Published in 2020
240 pages
Anika Gupta is a digital thought leader whose research on online communities spans several industries. A former science and technology journalist, she’s currently a senior product manager at The Atlantic. In 2019, she was honored as a member of the Online News Association’s Women’s Leadership Accelerator, a program that finds and trains women media leaders for roles as leaders in the industry. She has a Master’s degree in comparative media studies from the Massachusetts Institute of Technology and a bachelor’s degree in journalism from the Medill School of Journalism at Northwestern University. Her journalistic work has appeared online in Smithsonian, Fortune, The Guardian, and elsewhere.
What is this book about?
In this guide to successful community moderation, a former tech journalist and current product manager explores everything from the trenches of Reddit to your neighborhood Facebook page.

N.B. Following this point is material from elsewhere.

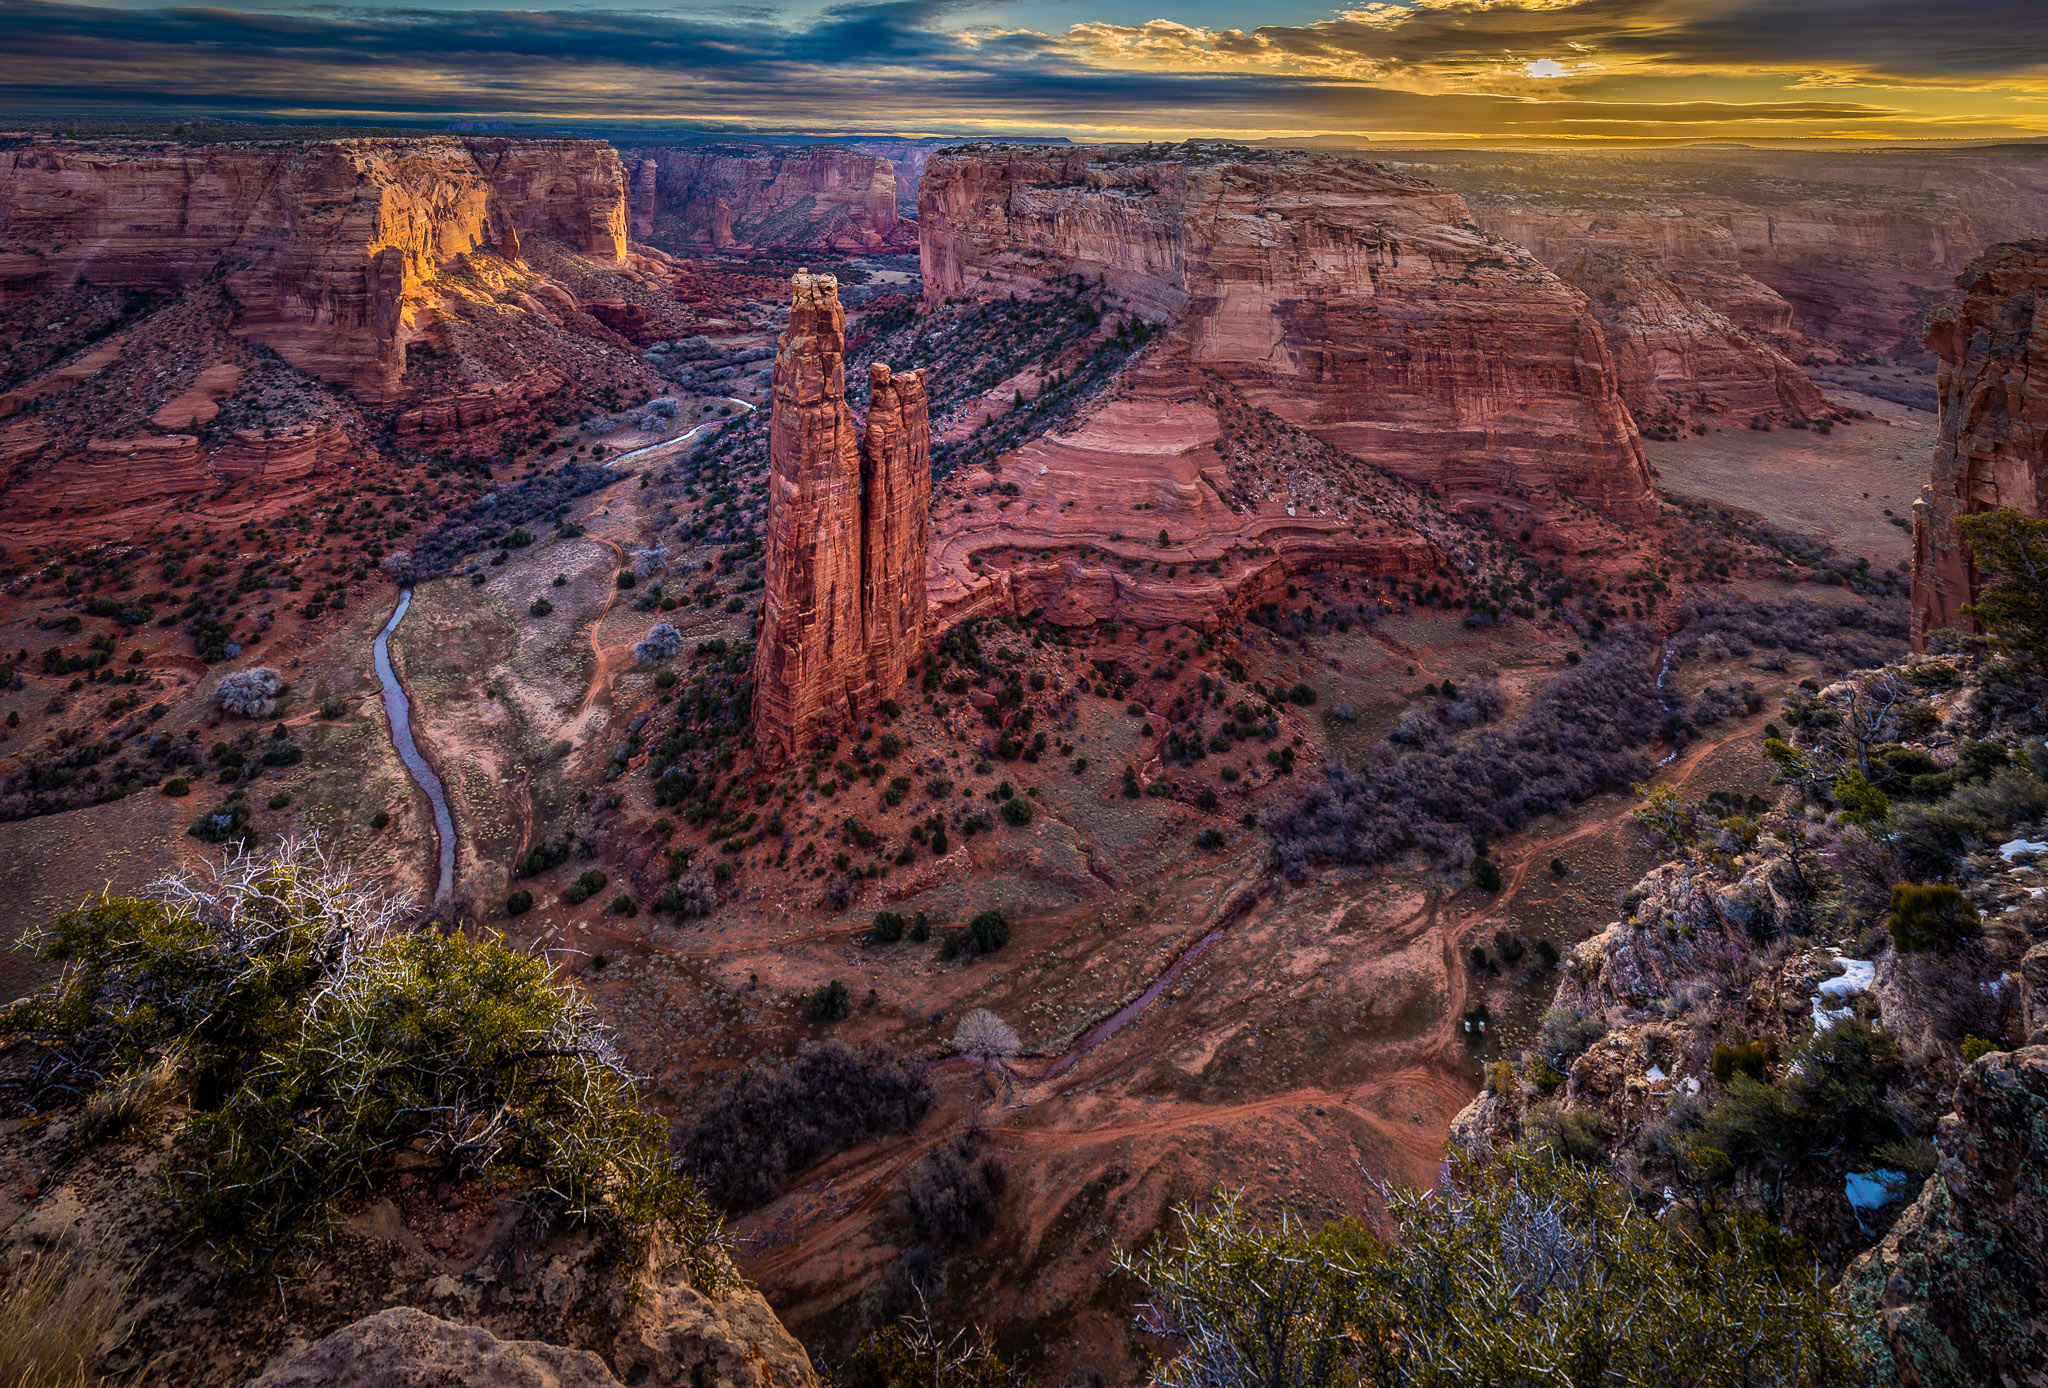 Canyon de Chelley sunrise from Spider Rock Viewpoint, Arizona
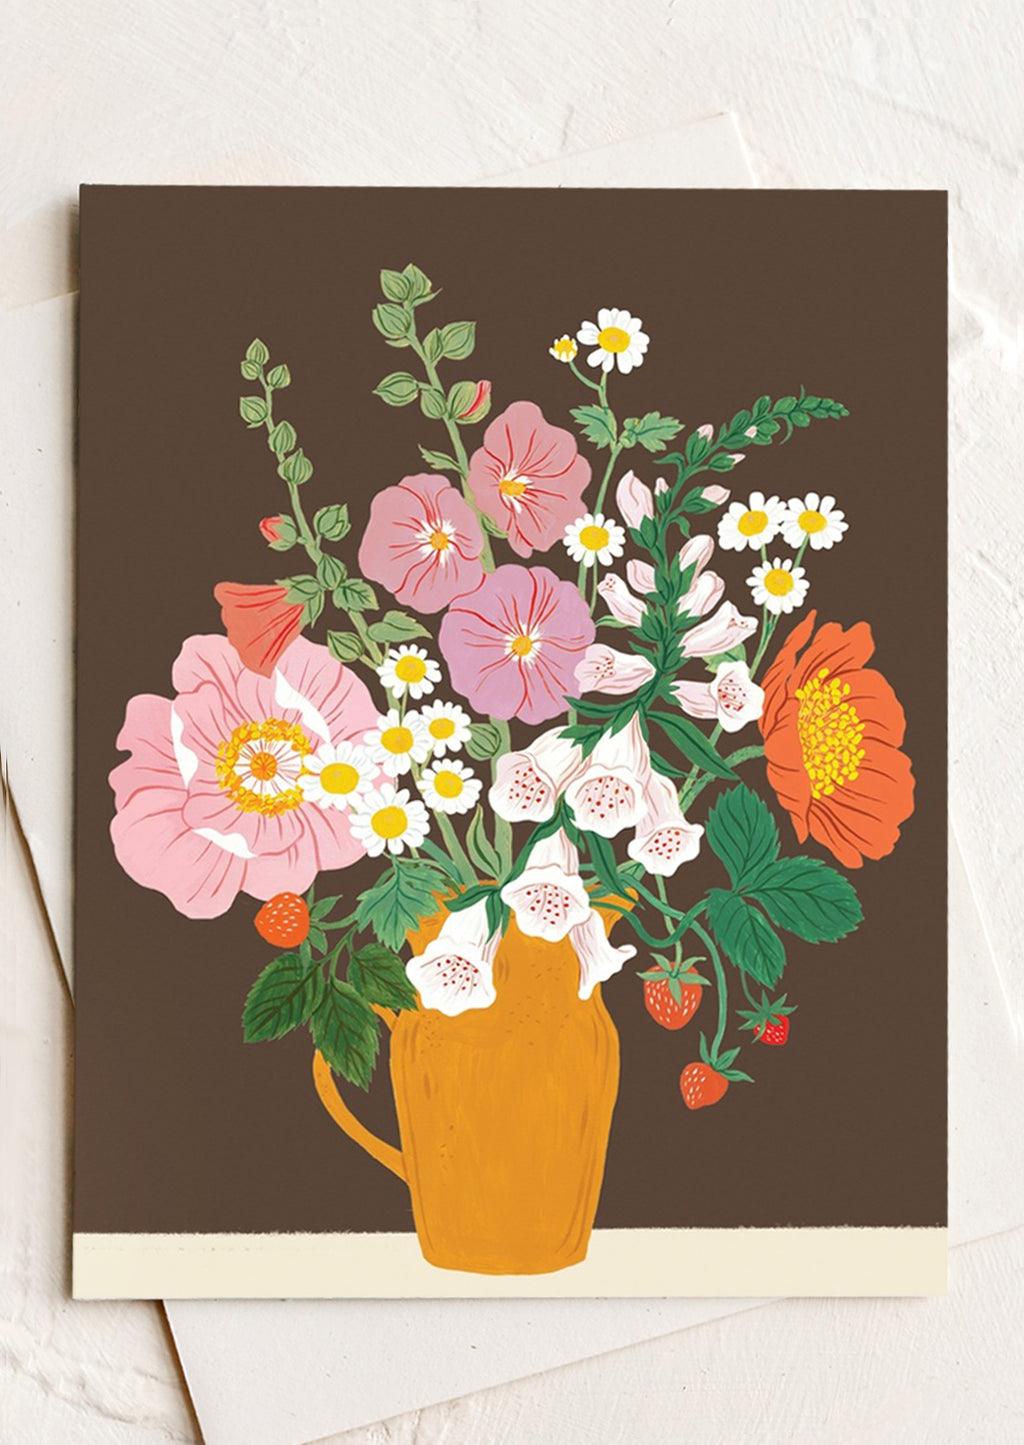 1: A greeting card with floral arrangement on brown background.

Don’t read the comments. It’s advice that feels as old as the internet, yet more relevant than ever. The tools we once hailed for their power to connect people and spark creativity can also be hotbeds of hate and harassment, and platforms like Facebook and YouTube are under fire for either too much or too little moderation—even though most people aren’t even sure what moderation means. What we do know is that creating and maintaining healthy online communities isn’t easy. Luckily, Anika Gupta is here to explain what makes some online communities tick—and others explode.
Over the course of two years of graduate research at MIT, Gupta interviewed moderators who’d worked on the sidelines of gamer forums and in the trenches of online news comments sections. She spoke with professional and volunteer moderators. Some of these moderators were known to their communities, while others were entirely anonymous. In How to Handle a Crowd, she builds on that initial fascination and connects it to new and important issues around how we use the internet to create community.
She interviews people who have built and sustained fascinating online communities in our unpredictable digital climate, and dives deep with activists, organizers, journalists, and executives to find out what strategies work best for them. Is there really such a thing as a recipe for success? And how does the complex labor of online moderation shape our world—and the people who do it?